Authenticity has also become “the stardust of this political age.” The sprouting of a whole crop of unorthodox, anti-establishment politicians on both sides of the Atlantic is taken to mean that people crave conviction and a human touch. Yet even here it seems we are dealing not so much with authentic personas as with authentic products. For their followers, such leaders are an ideal standard against which culture can be judged, as well as symbolic objects that embody an ideology – much as handcrafted goods were for William Morris’ socialism, or Gothic architecture was for Ruskin’s Christianity.
Moreover, where these figures have broadened their appeal beyond their immediate factions, it is again because mass culture has allowed them to circulate as recognisable and indeed fashionable symbols of authenticity. One of the most intriguing objects I’ve come across recently is a “bootlegged” Nike t-shirt, made by the anonymous group Bristol Street Wear in support of the politician Jeremy Corbyn. Deliberately or not, their use of one of the most iconic commercial designs in history is an interesting comment on that trade-off between popularity and integrity which is such a feature of authenticity in general.
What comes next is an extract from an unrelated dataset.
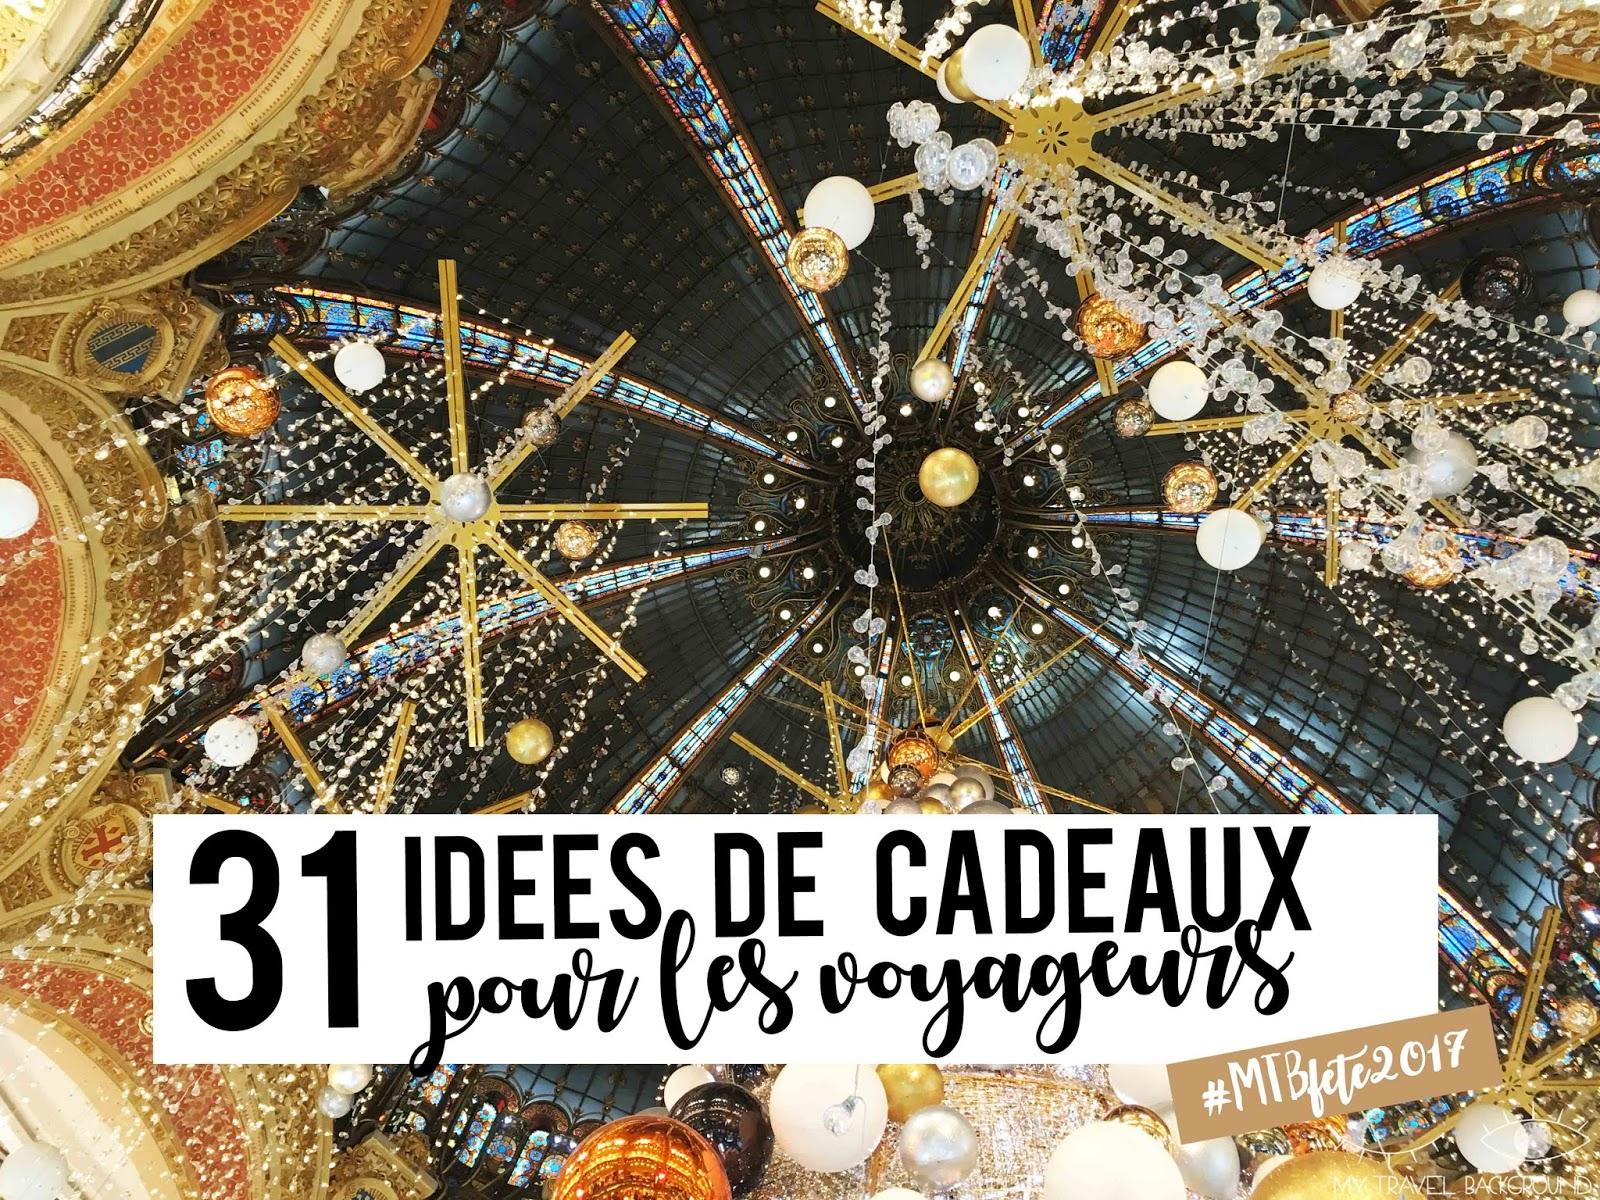 My Travel Background : 31 idées de cadeaux de Noël pour les Voyageurs
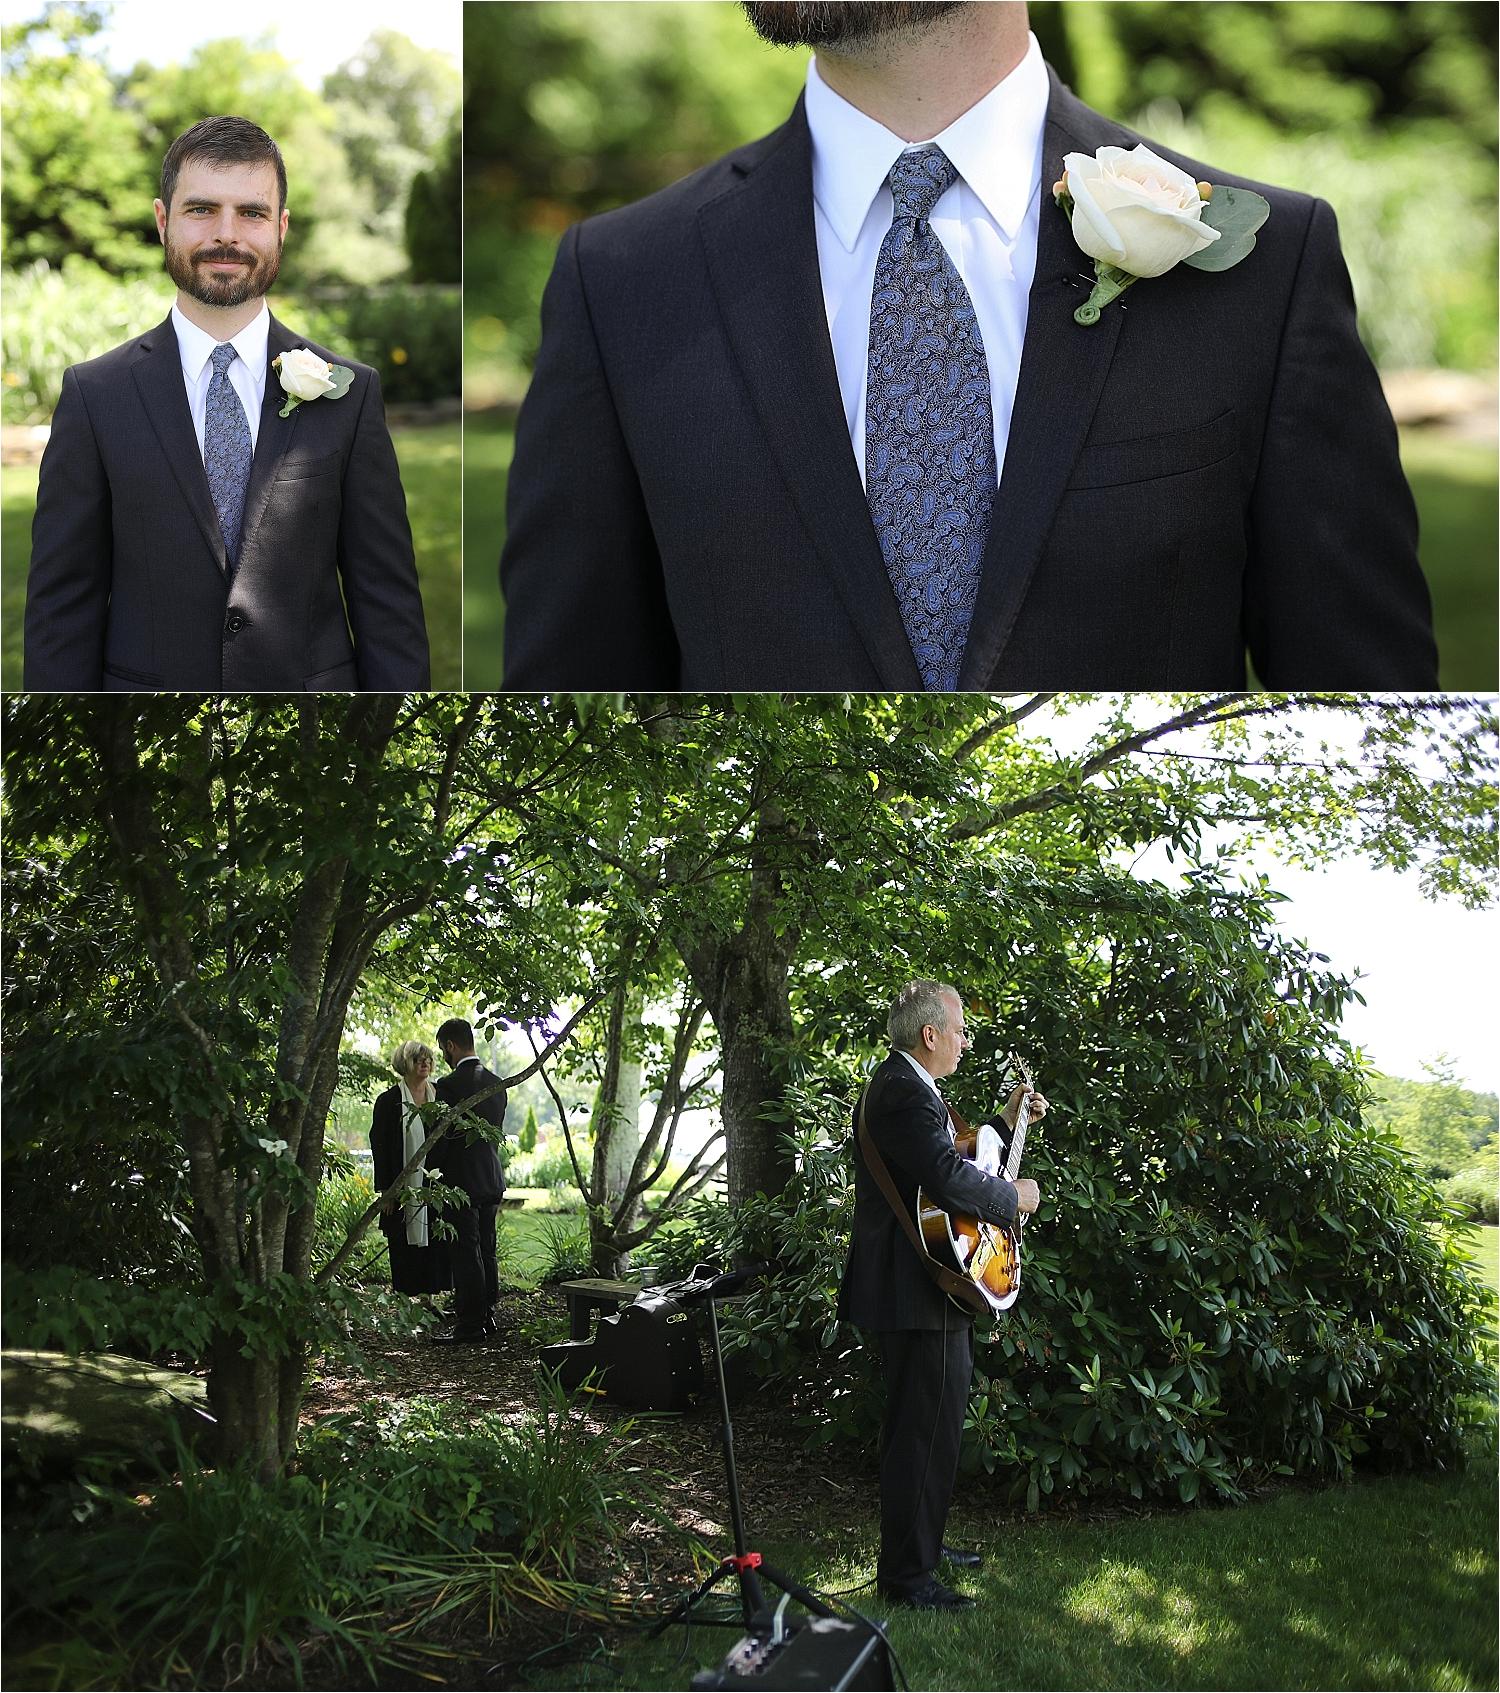 Chateau-Morrisette-Winery-Vineyard-Virginia-Wedding-Photos-_0004.jpg

These are just cursory observations; my point is that the ideal of authenticity is pervasive, and that for this very reason, any expression of it risks being caught-up in the same system of superficial motives and ephemeral trends that it seeks to oppose. This does not make authenticity an empty concept. But it does mean that, ultimately, it should be seen as a form of aspiration, rather than a goal which can be fully realised.